Material for this exercise:
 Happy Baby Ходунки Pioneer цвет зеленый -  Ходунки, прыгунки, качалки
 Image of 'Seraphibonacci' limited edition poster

---

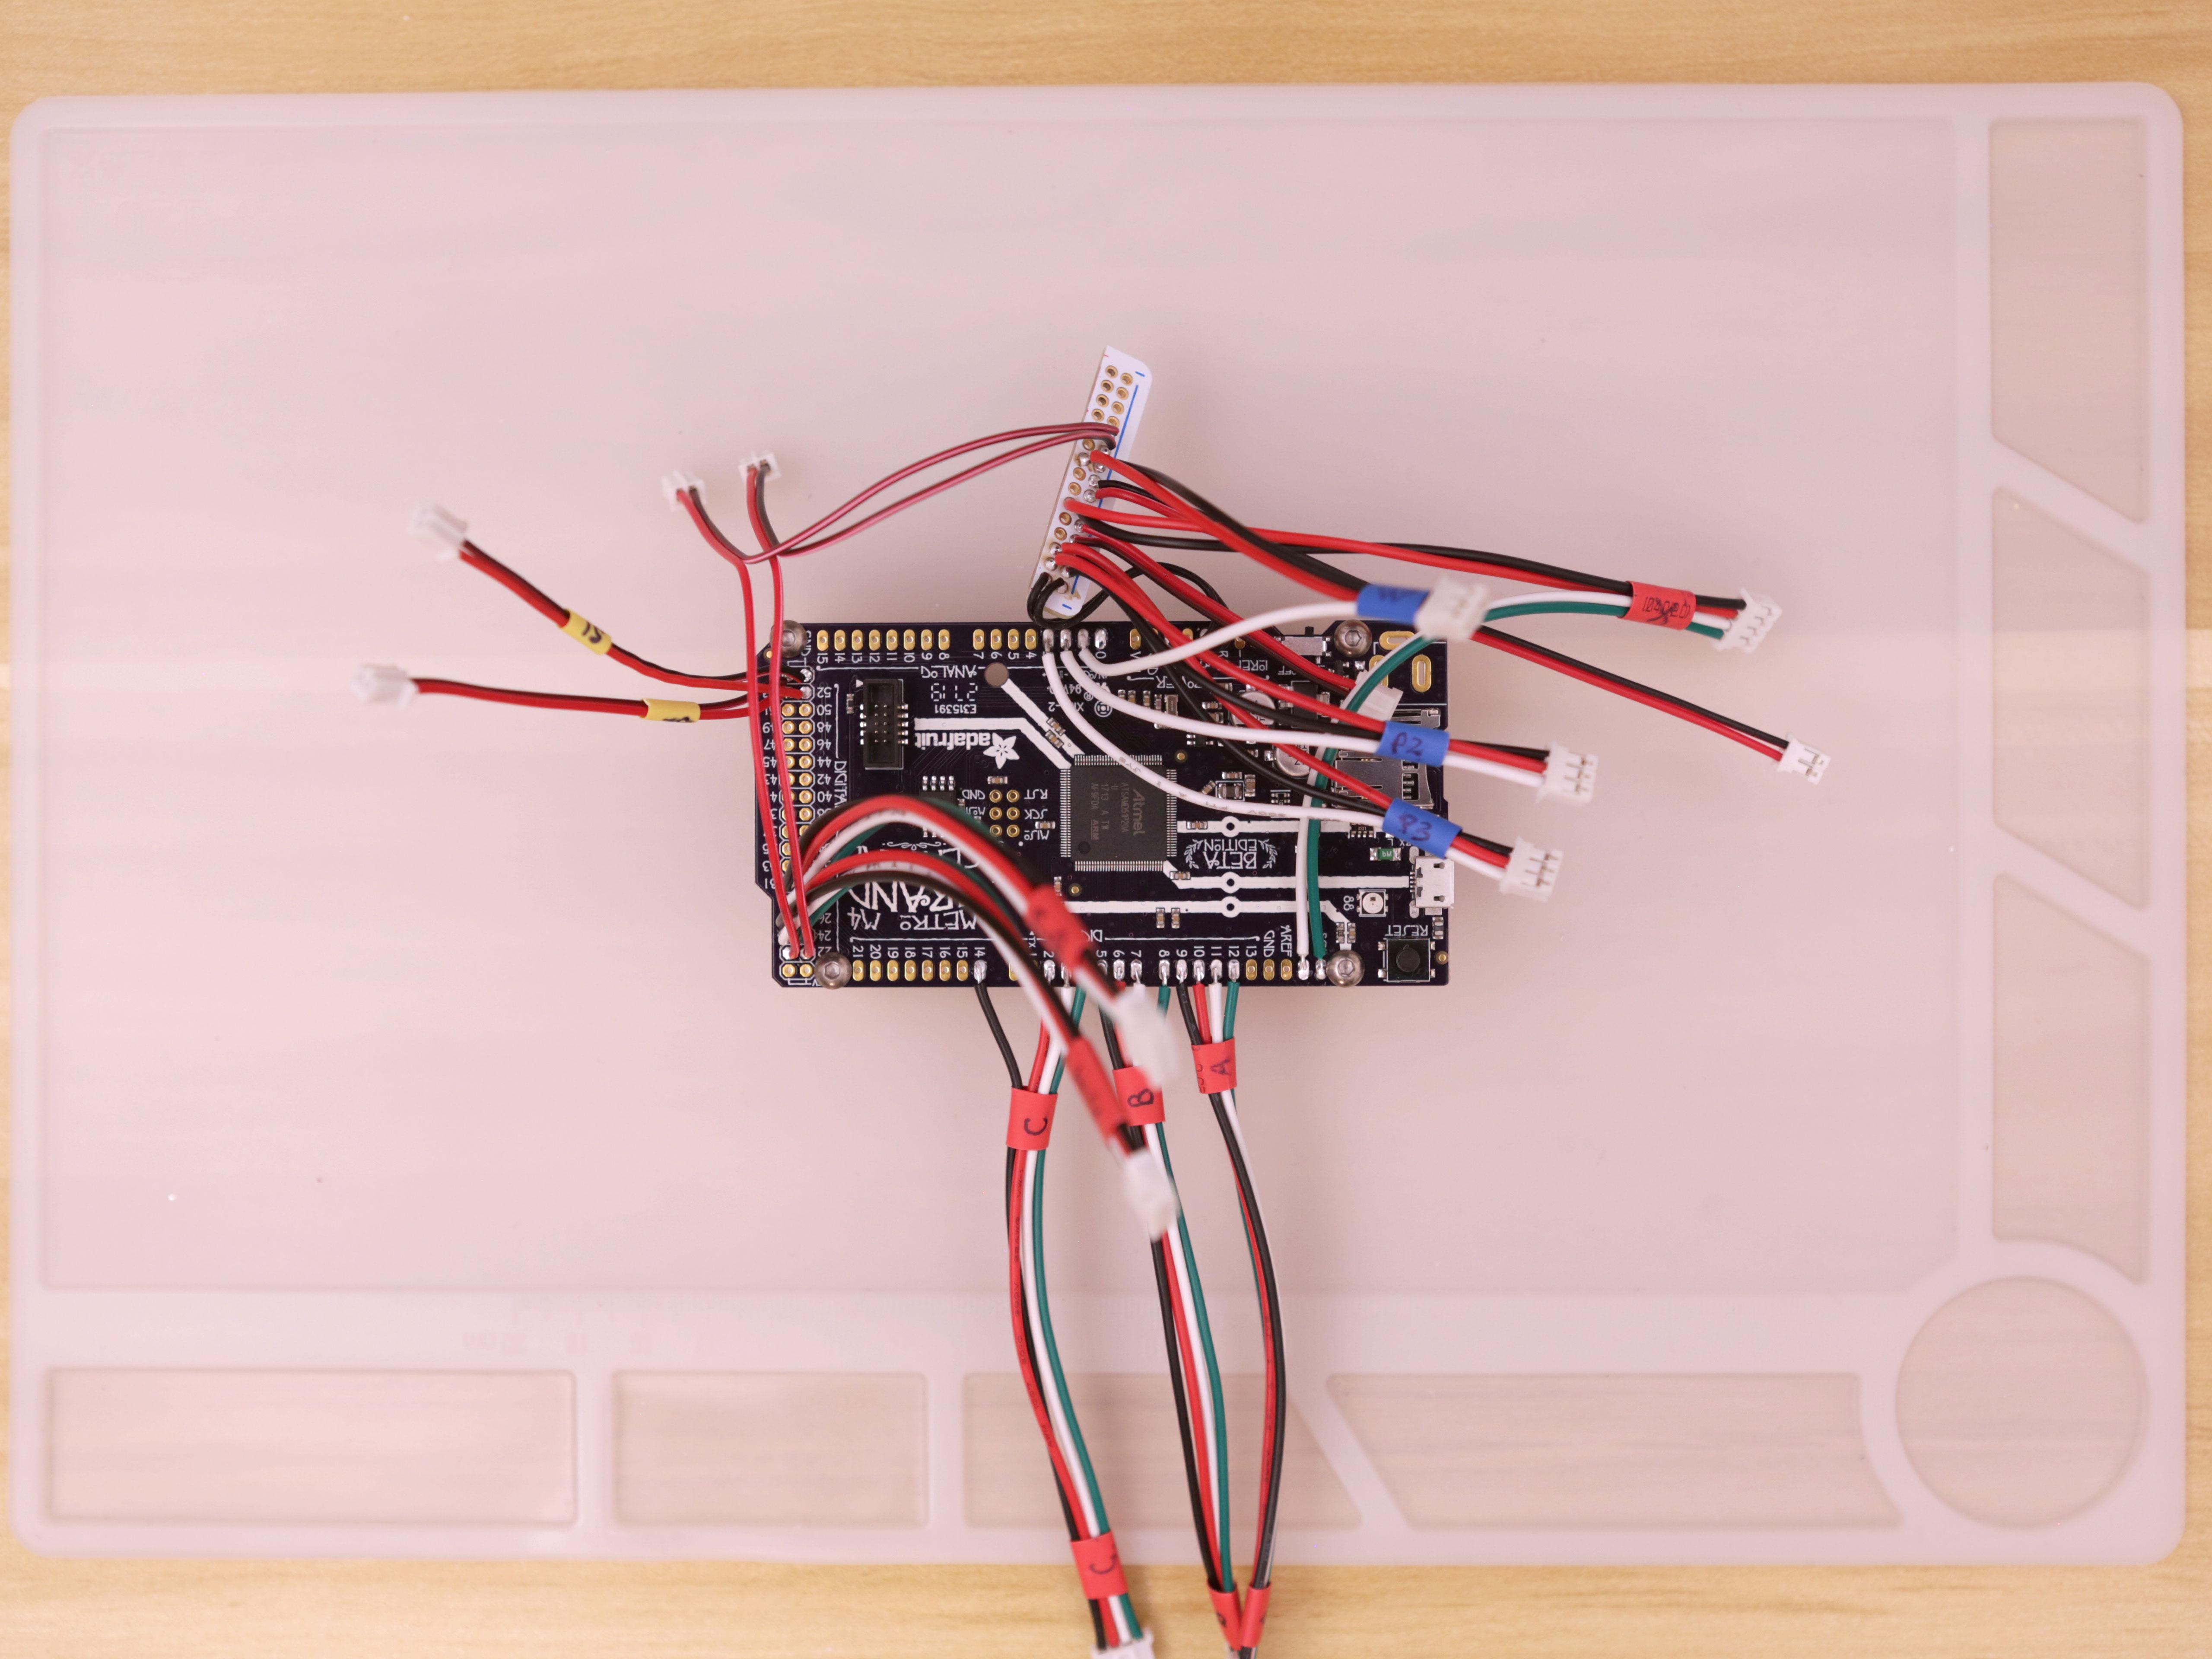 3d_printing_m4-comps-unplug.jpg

What is being asked:
Copy, exactly and only, the lines above that begin with the one containing "Happy Baby Ходунки" and finish with the one containing "Image of 'Seraphibonacci'".

Exercise response:
 Happy Baby Ходунки Pioneer цвет зеленый -  Ходунки, прыгунки, качалки
 Image of 'Seraphibonacci' limited edition poster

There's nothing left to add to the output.